Hello Uncle Foreigner

culture

Jan 28, 2014

Take good care of yourself

Have a fish, why don’t you?

Our reflexology guy
Peter tries some meatPeter tries more meat!Peter loves eating meat!
The road to meat acceptance

Peter is “pre-sick,” according to our reflexologist. “If you went to a hospital, they’d say you were fine, but I can tell you’re very unhealthy,” he told us through a translator.

Now, reflexology is bunk, but massages are lovely, so we go back. The beauty of working essentially part time is that there’s plenty of time to pamper yourself. And our reflexology guy runs a nice place; massage is a social event in China, so neighborhood kids are always about, and pop-in friends and other customers are always up for a chat. It’s actually a great chance for me to practice my Chinese while our aches and pains are soothed.

Chinese medicine is all around in China. But most people take it as seriously as Americans do their folk beliefs such as “no swimming an hour after eating,” or “cold weather + wet hair = instant cold.” Our Chinese friends are quick to recommend drinking hot water as a curative for about everything, and cite the restorative benefits of certain foods, but they’ll also take ibuprofen for a headache and antibiotics for a bacterial infection. We’re not practicing witchcraft, over here.

“Do you eat fish?” our reflexologist asked Peter during one visit. “You should.” This actually seemed pretty reasonable to Peter, who had recently been connecting the dots between his feeling terrible all the time and his vegetarianism. So that night, he welcomed animal proteins back into his life with some nibbles of chicken. And he’s feeling a lot better. (Nutritional science! Now that’s a thing.)

Our reflexologist hasn’t said anything, but he’s stopped squeezing Peter’s big toe and saying “Your stomach is bad.” Healthy meat, healthy feet, I guess.

Jan 4, 2014

Rocking the school talent show

Sure, we’ve got the time ...

We played for the whole school
Our little trioLinda on the drums

Linda asked us if we could play at this year’s school talent show, so we asked her if she could find a student who could drum for us. “I’m learning to play the drums. I can do it!” she said. And a trio was born.
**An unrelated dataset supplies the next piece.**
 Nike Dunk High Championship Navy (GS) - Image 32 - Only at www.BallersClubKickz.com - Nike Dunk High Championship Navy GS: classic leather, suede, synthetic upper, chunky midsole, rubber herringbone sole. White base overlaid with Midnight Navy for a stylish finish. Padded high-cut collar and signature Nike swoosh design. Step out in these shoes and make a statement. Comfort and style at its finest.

Teachers generally don’t perform at these things, but we’re the Meiguos, and people love to have us be a part of things. (I once gave an impromtu speech, in English, to a room full of Chinese speakers because I wandered into the wrong room on Parents’ Day.) We chose Joe Jackson’s “Got the Time” because it’s short, peppy, and has a swingin’ bass line. Linda met with us a couple of times to practice, and urged us to trim the 3:30 song. She explained our role thusly: “We’ll come out and it will be a big surprise. And then the surprise will be over!”

On the day of the show, we lived up to expectations. Peter, Linda and I took the stage to a huge roar of applause; we cranked out our song and the crowd clapped the beat along; and then we were done before anyone realized that I had forgotten all of the words and basically sang nonsense syllables for about a minute and a half. It was fantastic.
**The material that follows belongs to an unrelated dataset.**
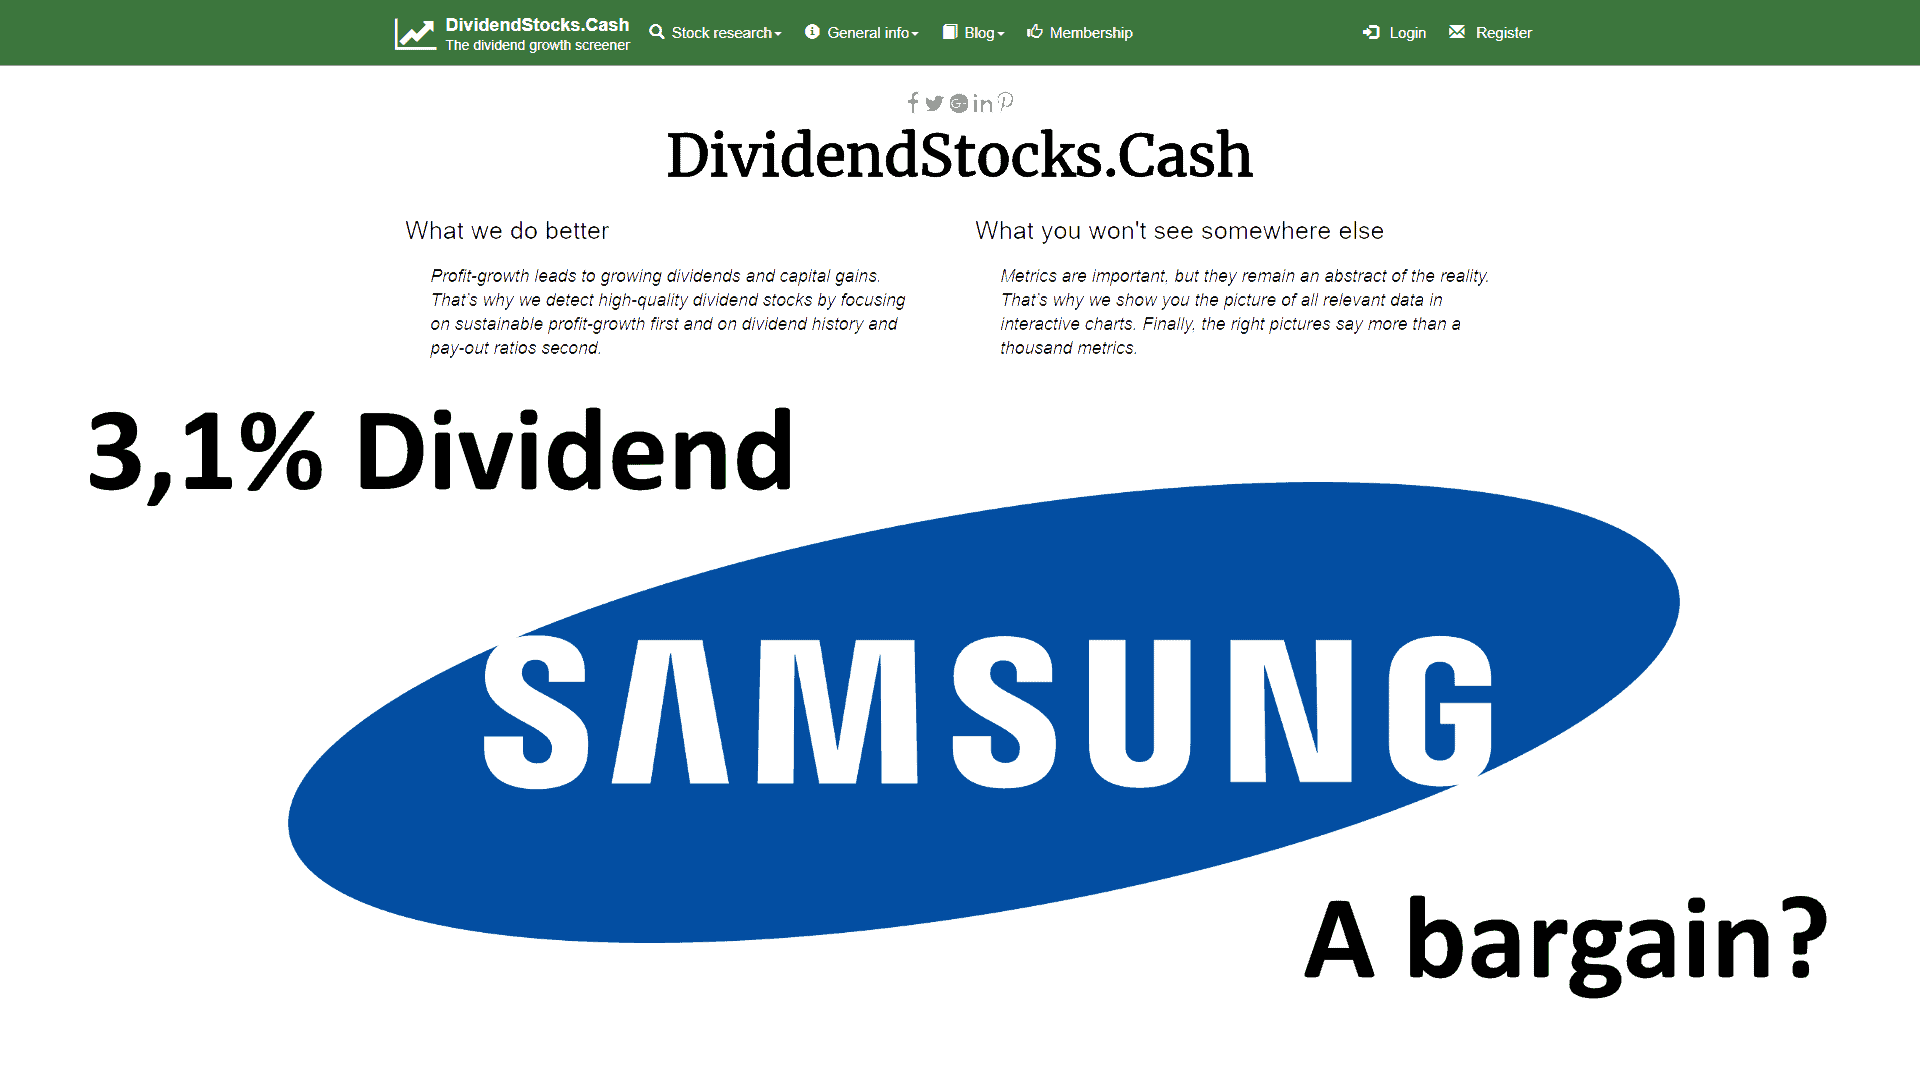 Samsung: Tech giant with 3.1% dividend yield as a bargain?

There’s probably video extant somewhere; half the audience had their cellphones raised in salute. But … I think a still photo makes us sound a lot cooler.
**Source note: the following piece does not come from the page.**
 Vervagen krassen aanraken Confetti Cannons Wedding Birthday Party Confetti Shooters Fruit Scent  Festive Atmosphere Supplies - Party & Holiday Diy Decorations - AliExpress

Getting ready to go onstage

Dec 31, 2013

Oh, yeah. It’s New Year’s Eve!

But there’s always room for Meiguos

New Year's Eve dinner at Snaggles'

It’s been a little hard to keep track of time now that we’re down to working two days a week (with Friday being our last classes until February!), and so both of us forgot that today was December 31 until we inadvertently crashed some giant banquet dinner at one of our restaurants. The staff, however, found room for us in a corner and served us as usual.

Happy New Year!

Dec 31, 2013

Three times Christmas in Luzhou

We learn that we know nothing and stuff blows up

Our festive apartment
Some little toys from the kidsA cross-stitch from the teachers I taughtA print from a studentTraditional Chinese parasolsThe bare-bones before shot of our apartment
Most of the decor in our apartment is gifts from students. Below, the apartment in a barer state.

Formerly, I thought Christmas for the Chinese was just about shopping and sales, but our friend Chris just told us that it’s also tradition for people to give apples to each other, because the words for apples and for Christmas Eve (which is translated as “Peaceful Night”) sound alike. So you give apples to your friends and family to wish them peace. Chris said that the practice is so common that apple sellers jack their prices in the few days before Christmas. Peace can be pricey.

There were no apples for us this year, but one early December afternoon our friend Tina tracked us down in the hallways between classes to give us her gift, a beautiful hand-painted umbrella. “It’s very small,” she said. “I didn’t have a lot of money.” We told her that we loved it, because that’s the truth, and we gave her a big hug.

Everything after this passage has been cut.